Five LOVE☆
幸せそうな2人と赤ちゃんを見届けて、病院に戻った。
「奈留、ホント泣きすぎだよ?」
そう言って、雅志先輩が頭を撫でてくれてた。
もう診療が終わる間際の時間だったため、早めに病院を閉めて、先輩たちは帰ることに。
残るは、雅志先輩と私だけだ。
何かすっごい…ドキドキする。
「一緒に帰る?
送って行くよ。
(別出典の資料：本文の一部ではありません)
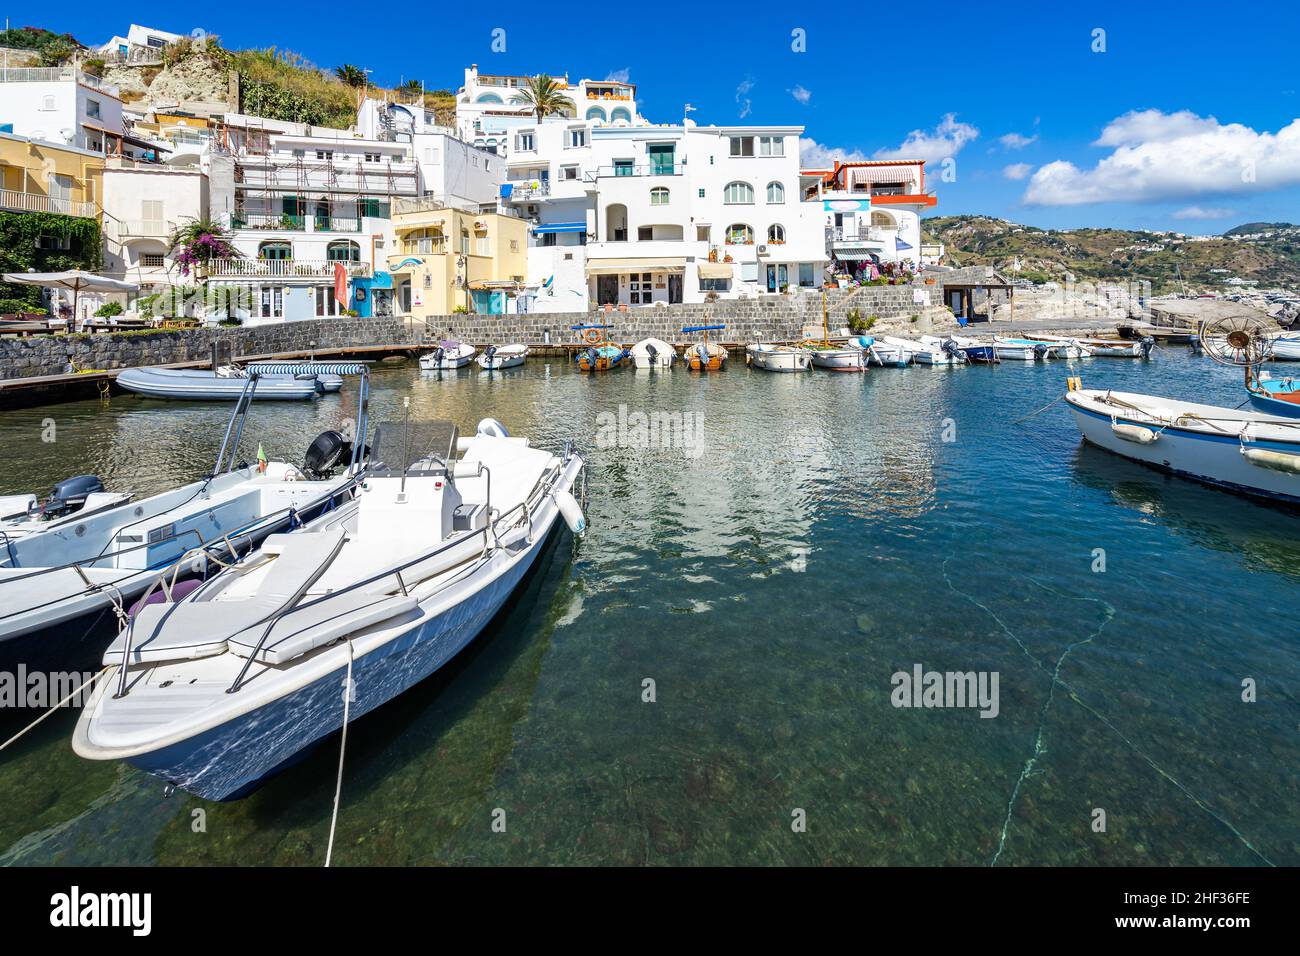 Des bateaux de pêche amarrés au port coloré de Sant’Angelo d’Ischia.Sant’Angelo, Italie, 2021 septembre Banque D'Images

」
雅志先輩と一緒に帰れるんだ…
しばしの沈黙の中、最初に口を開いたのは先輩。
「奈留…さ、何で俺に言ってくれなかったの?
…いじめられてるってこと。
そんなに…俺が…先輩として…頼りない?」
「雅志先輩は…すごく頼りになりますよっ…
だからこそ、私が先輩に迷惑かけたくないんですっ…だって私っ…雅志先輩のことっ…」
先輩…何か怒ってる?
先輩には…笑っていてほしいのに…
そんなことを思ったら、口が勝手に自分の気持ちを言ってしまいそうになった。
あぶないあぶない…
急に、雨が降ってきた。
すると、雨の音に混じって、かほそい猫の鳴き声が。
「…何か…聞こえませんか?」
「そぉいえば…猫の鳴き声が…
って…この鳴き方はヤバイな…」
雅志先輩はそぉ言って、声のしたほうへ走る。
私も慌てて後を追うと、段ボールに入った2匹の子猫が。
「衰弱しきってる…
奈留っ!!
病院からあるだけのタオル持ってきてっ…」
「はいっ!!」
雅志先輩の指示通り、走って病院に向かう。
病院からタオルを持って出ると、すでに入り口に雅志先輩が。